* [Work instruction]
The reply should hold every line of the data below, unchanged, and none of the pictures.

* [Stored data]
|---|

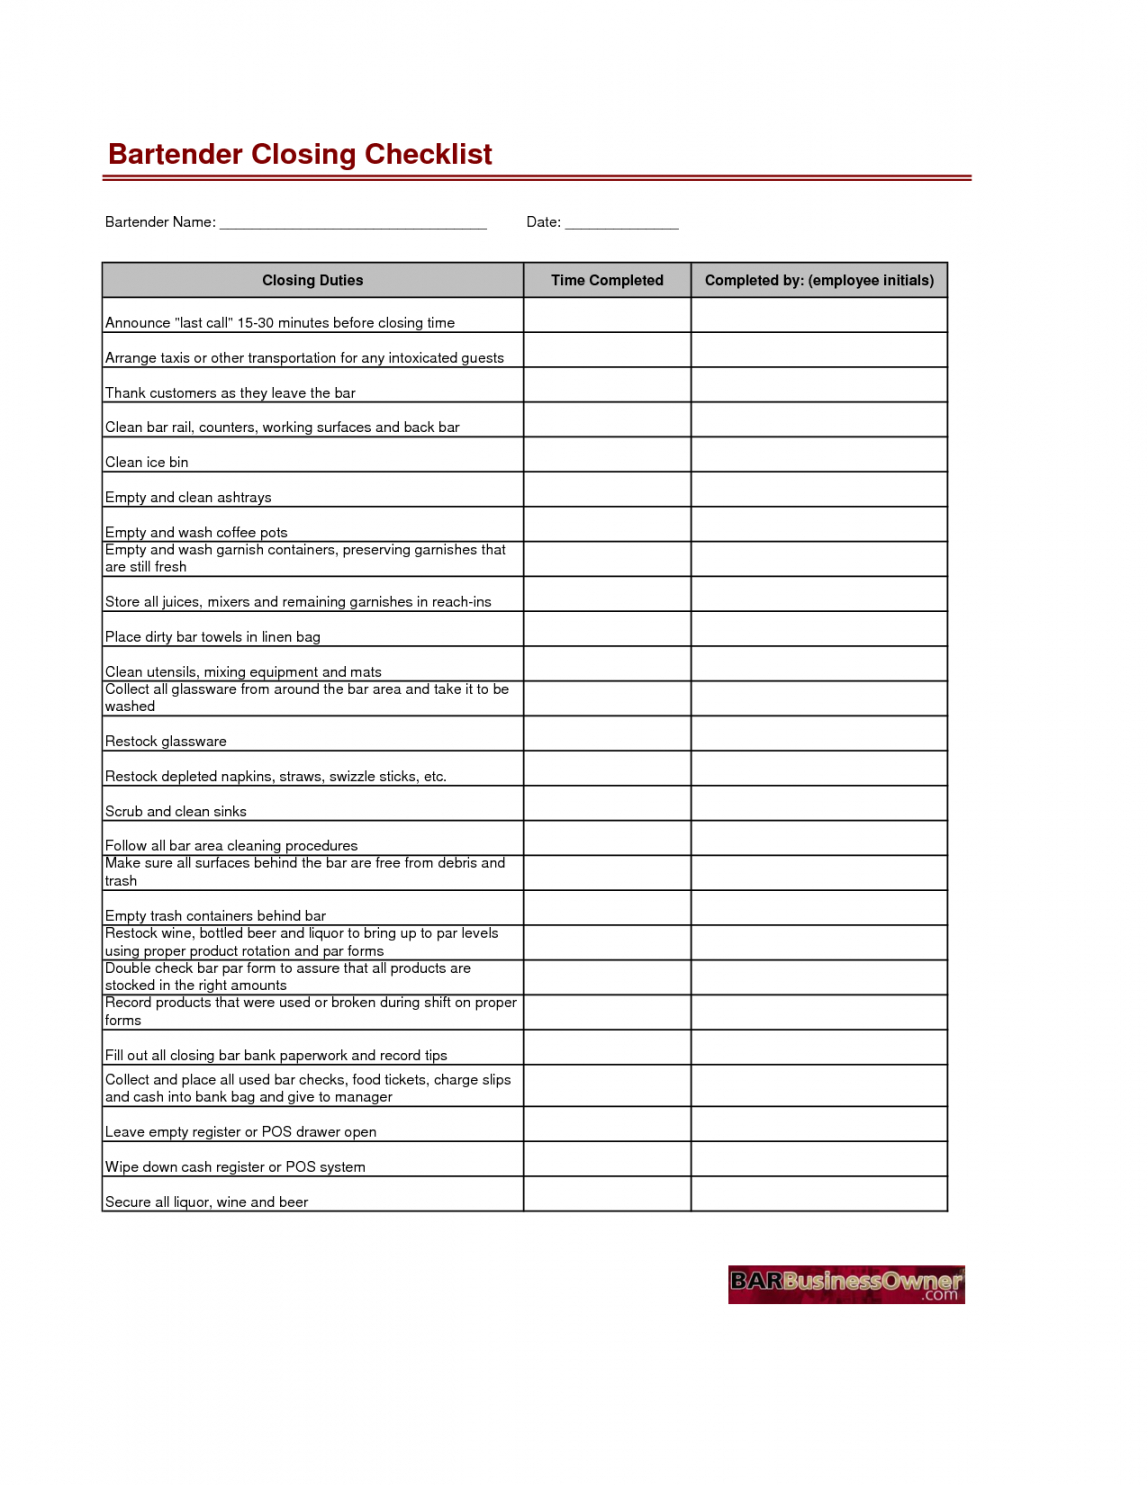 duty checklist templates  google search  workin' on it shift checklist template examples
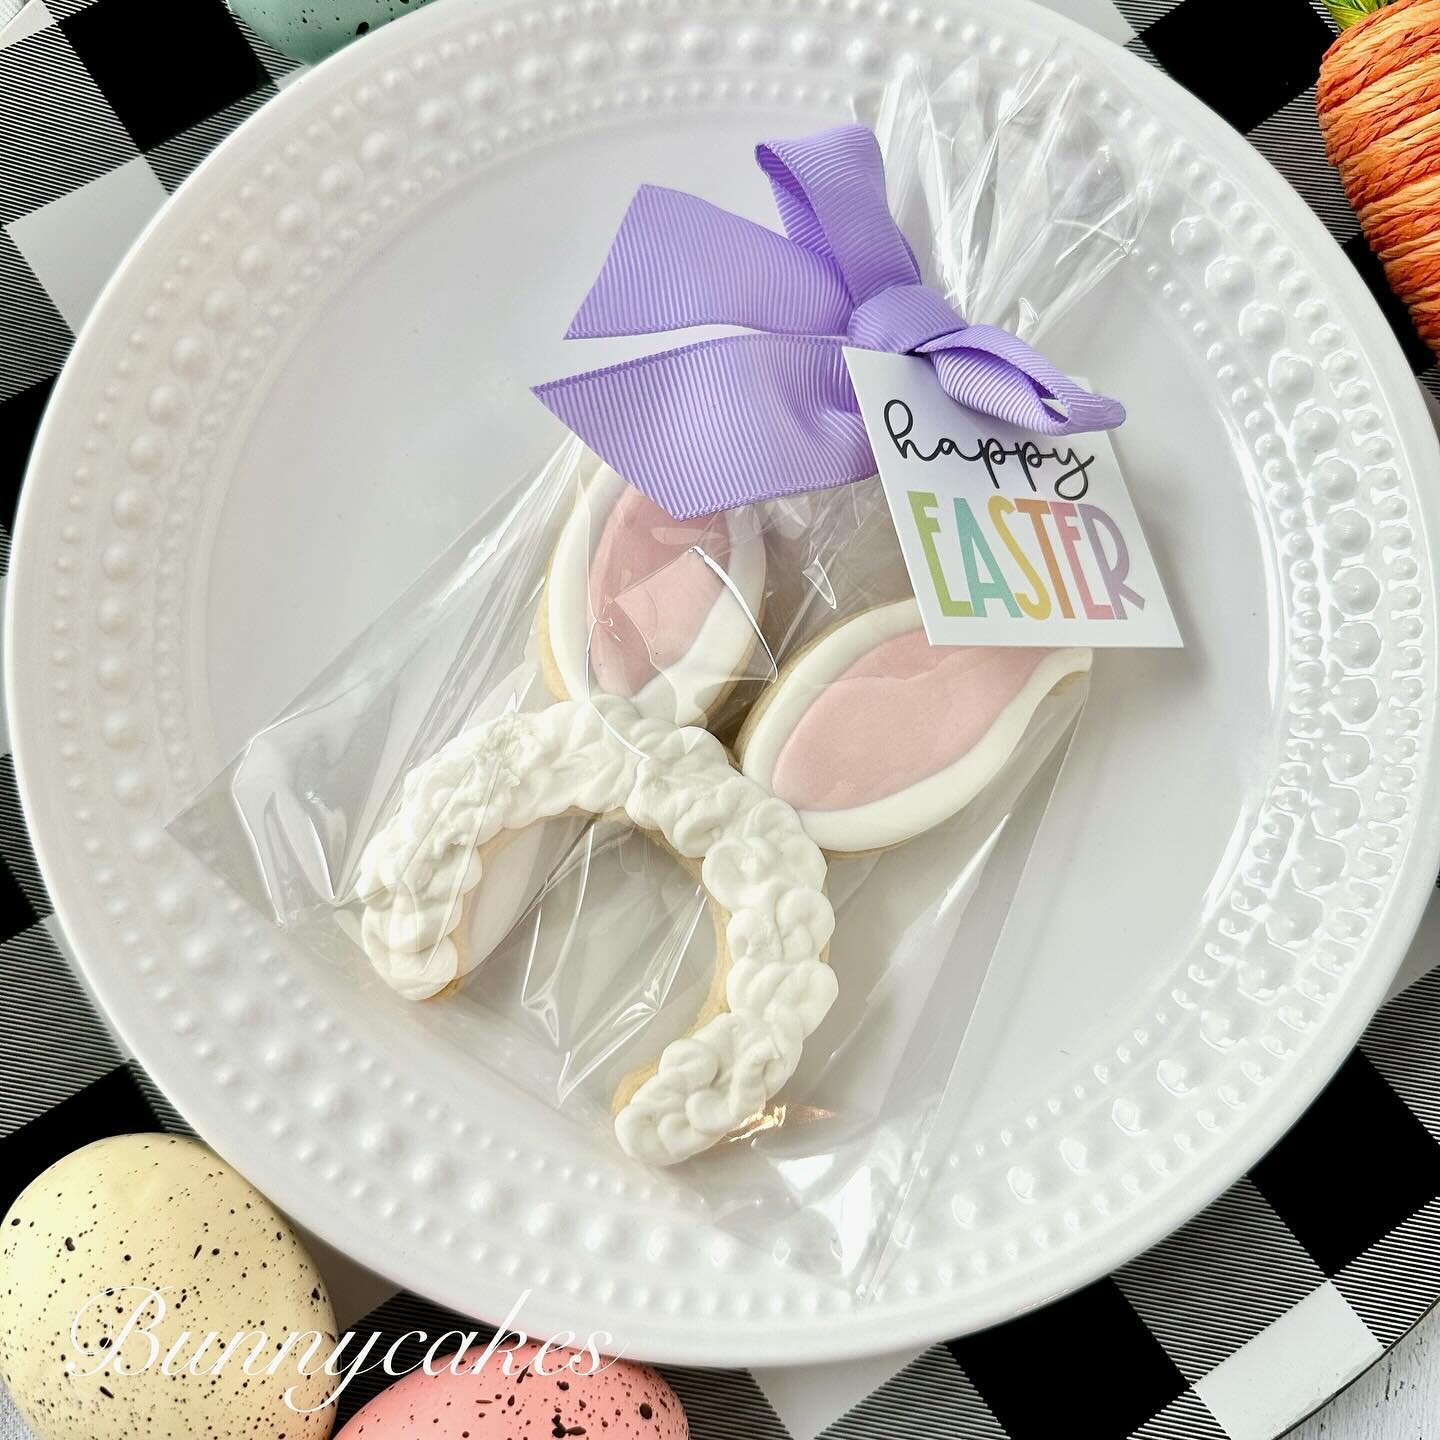 Easter is coming SOON!! Here is a sneak peek of some of the options that will be available next Sunday, March 10th at 6:00pm on my website!! 

So MARK YOUR CALENDARS!  I have had a few inquiries for Easter Cookie kits and I will definitely have them

|---|

* [Response to this exercise]
 duty checklist templates  google search  workin' on it shift checklist template examples
 Easter is coming SOON!! Here is a sneak peek of some of the options that will be available next Sunday, March 10th at 6:00pm on my website!! 

So MARK YOUR CALENDARS!  I have had a few inquiries for Easter Cookie kits and I will definitely have them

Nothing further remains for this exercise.